Design Operations Guide

Setting Up

As with any multi-step process, being successful in the design phase means setting yourself up for success before you start. Whether you’re make a meal, going fishing, or even getting ready for your workday, there are steps you take to make sure that you achieve the best version of your desired outcome.

Framing the Design Phase & Estimating Resource Needs

To set up to achieve that best version in the Design phase, you’ll need to work with your team to set expectations with two sets of people:

  1. With leadership and stakeholders regarding the resources in terms of time and people that you can expect to need. These resources expectations should be broad enough at this point to allow for changes in workflow and the uncertain nature of your actual outcome. Be honest with your leadership and stakeholders regarding what you can and cannot know and build in breathing room for you and the team to step through the iterative process.
  • Like all resources estimations, this step is designed to keep you and the team on track and in alignment with the project needs from an administrative level as the Design phase evolves.
  1. With yourself and your teammates to keep your work on track and in alignment with your research findings.
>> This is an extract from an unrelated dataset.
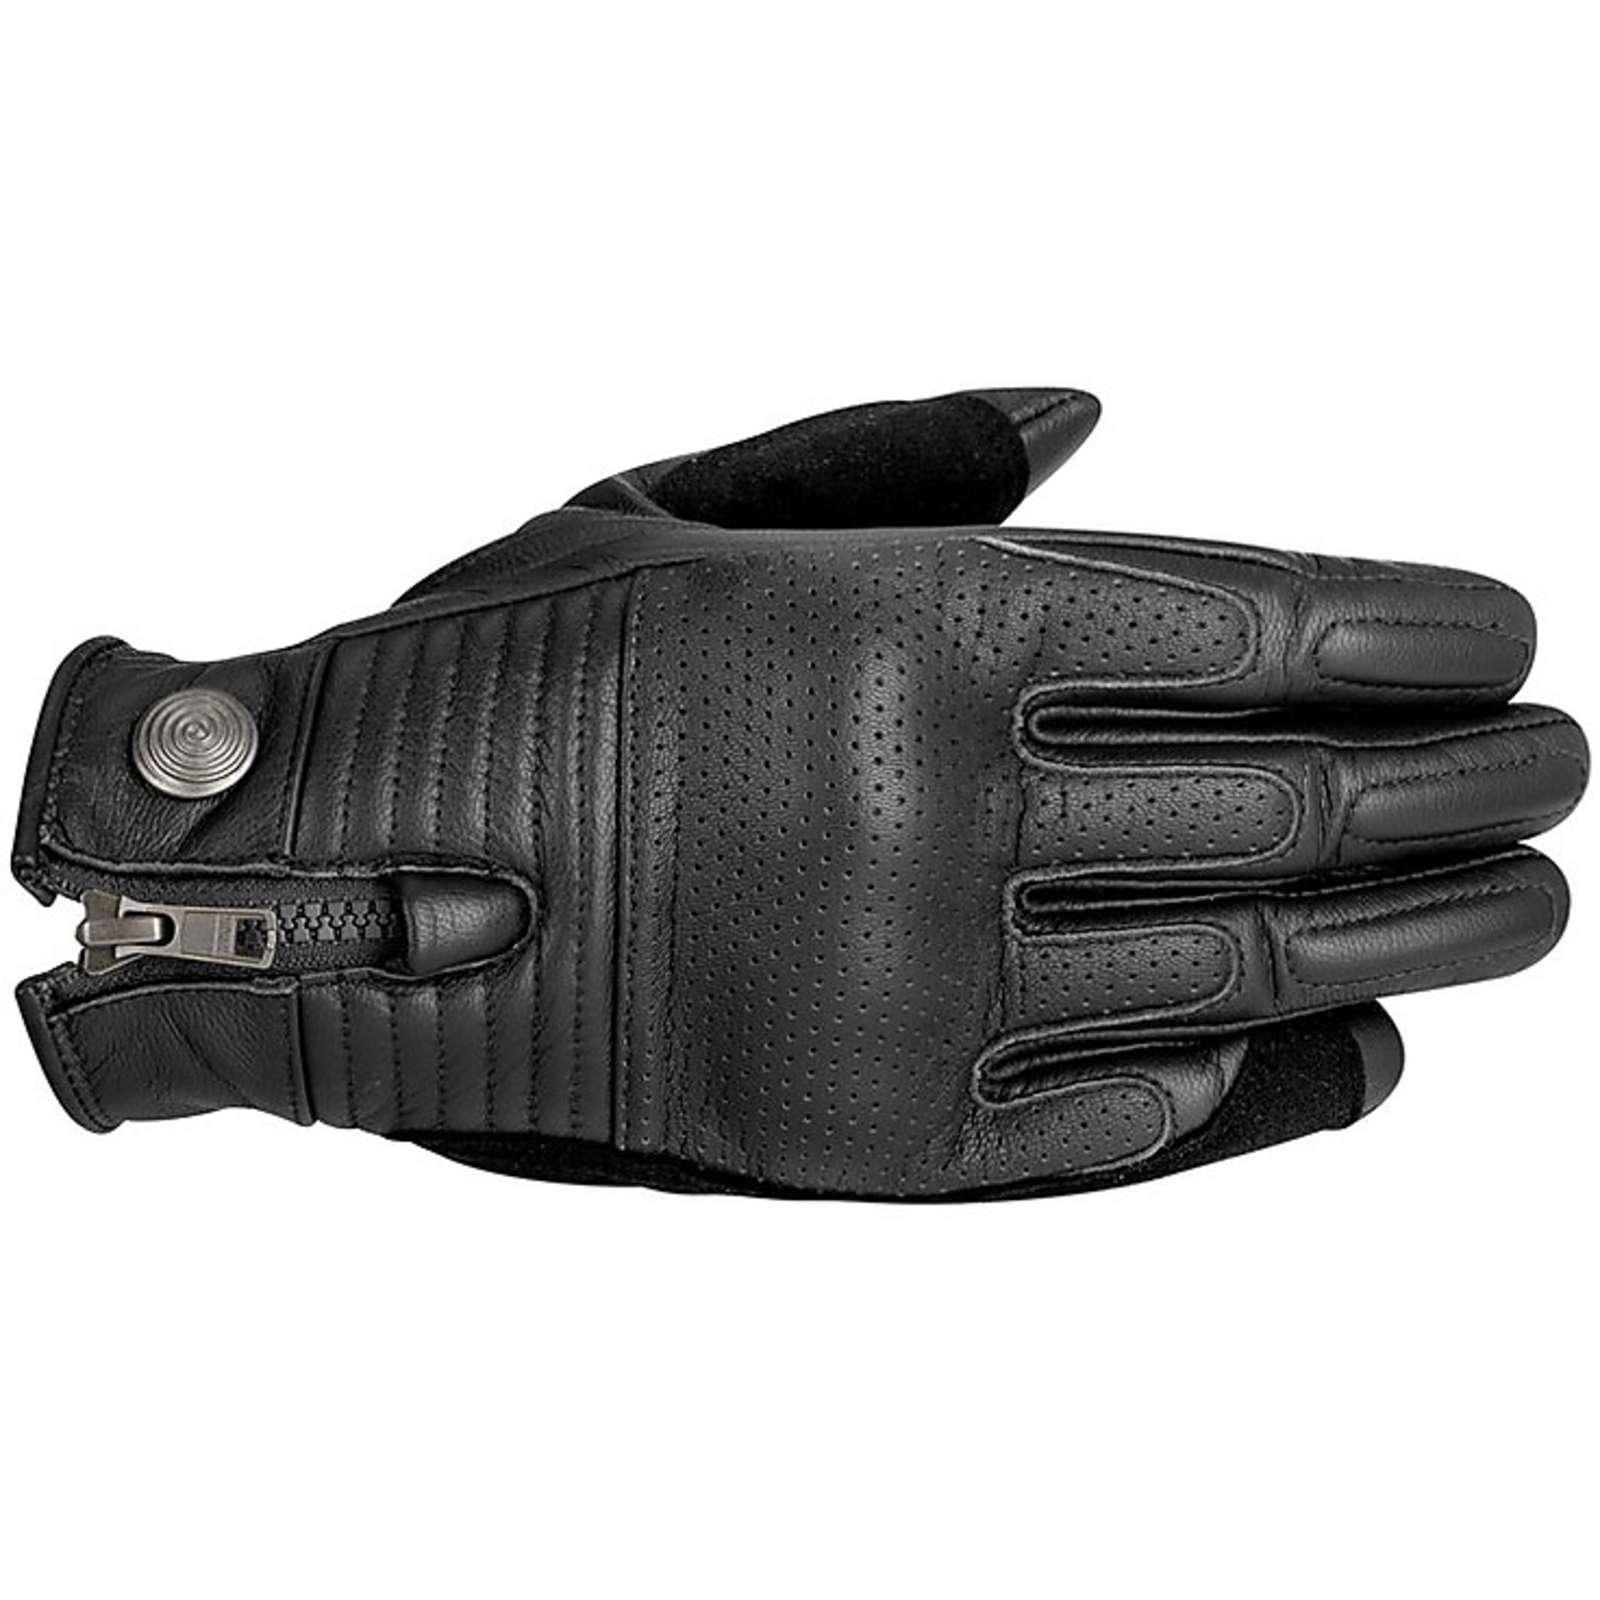 GUANTI MOTO ALPINESTARS RAYBURN LEATHER GLOVE BLACK COD. 3508315

In design teams, we commonly call the expectations you set with your team Design Principles.
  • This is because they function much like the Problem Frame from the Discovery phase: instead of defining exactly what you and the team will do, they create a frame around your design phase based on your research, insights, and opportunities regarding your participants’ needs.

In the same way the resources estimation keeps your work on track in terms of administration, the Design Principles keep you and the team philosophically on track and aligned with participants’ needs as the Design phase develops.